Professor
Albert Farrell Bennett
University of California, Irvine
Zoologist; Evolutionary biologist; Educator
Area
Biological Sciences
Specialty
Evolution and Ecology
Elected
1994
My research concerns the interaction of living systems with their environments, particularly in regard to temperature and energy exchange. Temperature controls nearly all rate processes in organisms, including their metabolism, locomotion, growth and reproduction, and thus governs all aspects of their lives. All these processes are likewise limited by energy intake and its subsequent partitioning into maintenance, thermoregulation, synthesis, and activity. I study these factors in very diverse kinds of organisms. Much of my earlier research involved comparative and experimental studies on vertebrates, particularly reptiles, which have limited capacities of oxygen uptake and are consequently very reliant on anaerobic metabolism to sustain vigorous activity. These physiological constraints, coupled with variable body temperatures, create interesting adaptive patterns in behavior and energy allocation that are quite distinct from those of homeothermic animals.

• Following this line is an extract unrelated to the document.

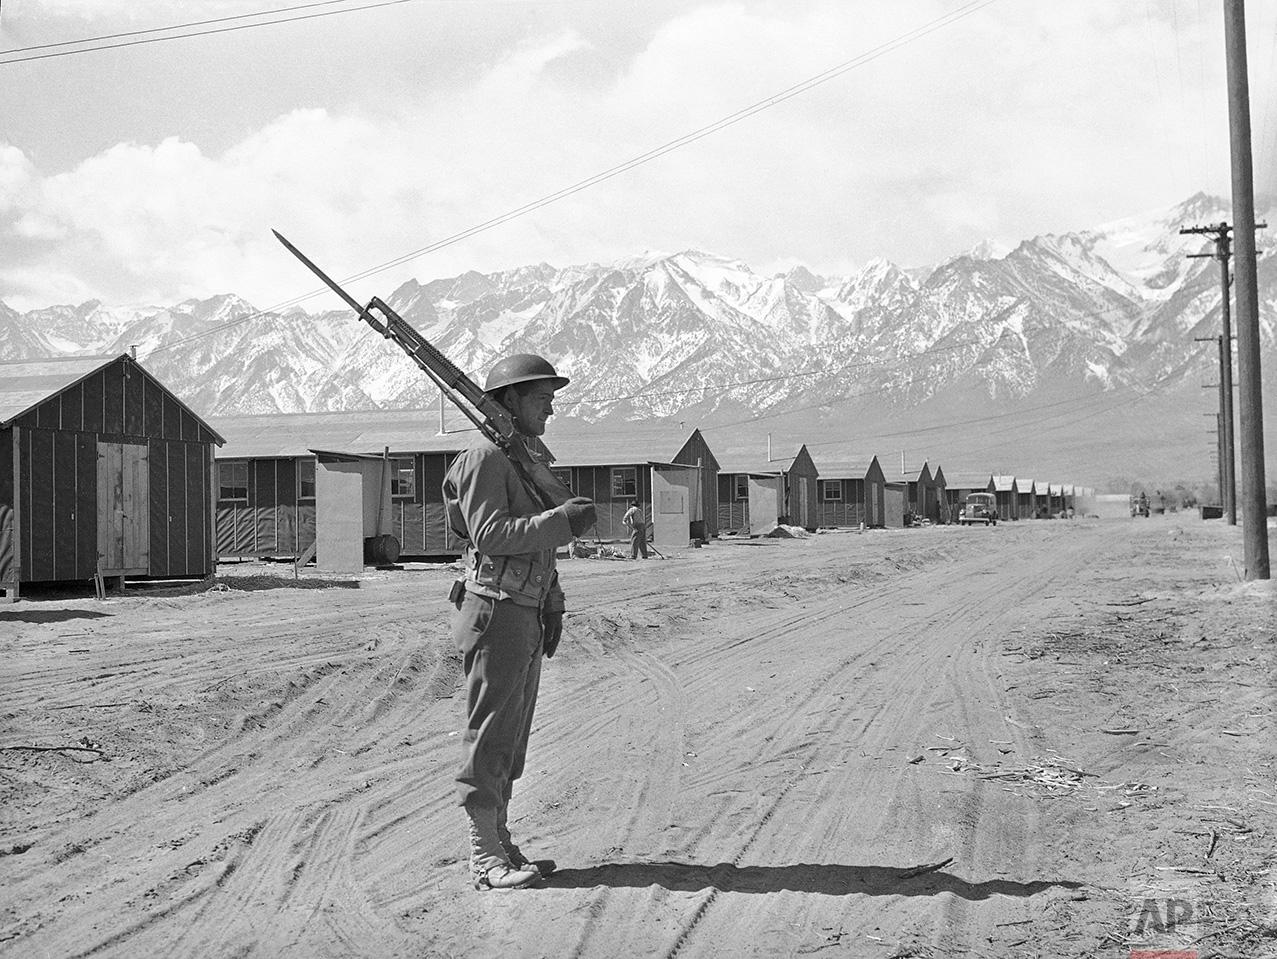 An American soldier guards a Japanese internment camp at Manzanar, Calif., May 23, 1943. (AP Photo)

Much of this work was undertaken in an attempt to understand the evolution of endothermy (“warm-bloodedness”) in mammals and birds, both in regard to the alterations entailed in physiology and morphology and also in the selective factors that promoted its development. In order to study evolution in different environments experimentally, I use populations of bacteria which can be cultured for thousands of generations in the laboratory and measure changes in their adaptive fitness and underlying genetics. This research has involved nearly 100 populations which have adapted to different thermal and acid environments, some of them constant and some variable. Experimental evolution provides an important tool for testing evolutionary hypotheses and determining the diversity of adaptive responses to novel environments.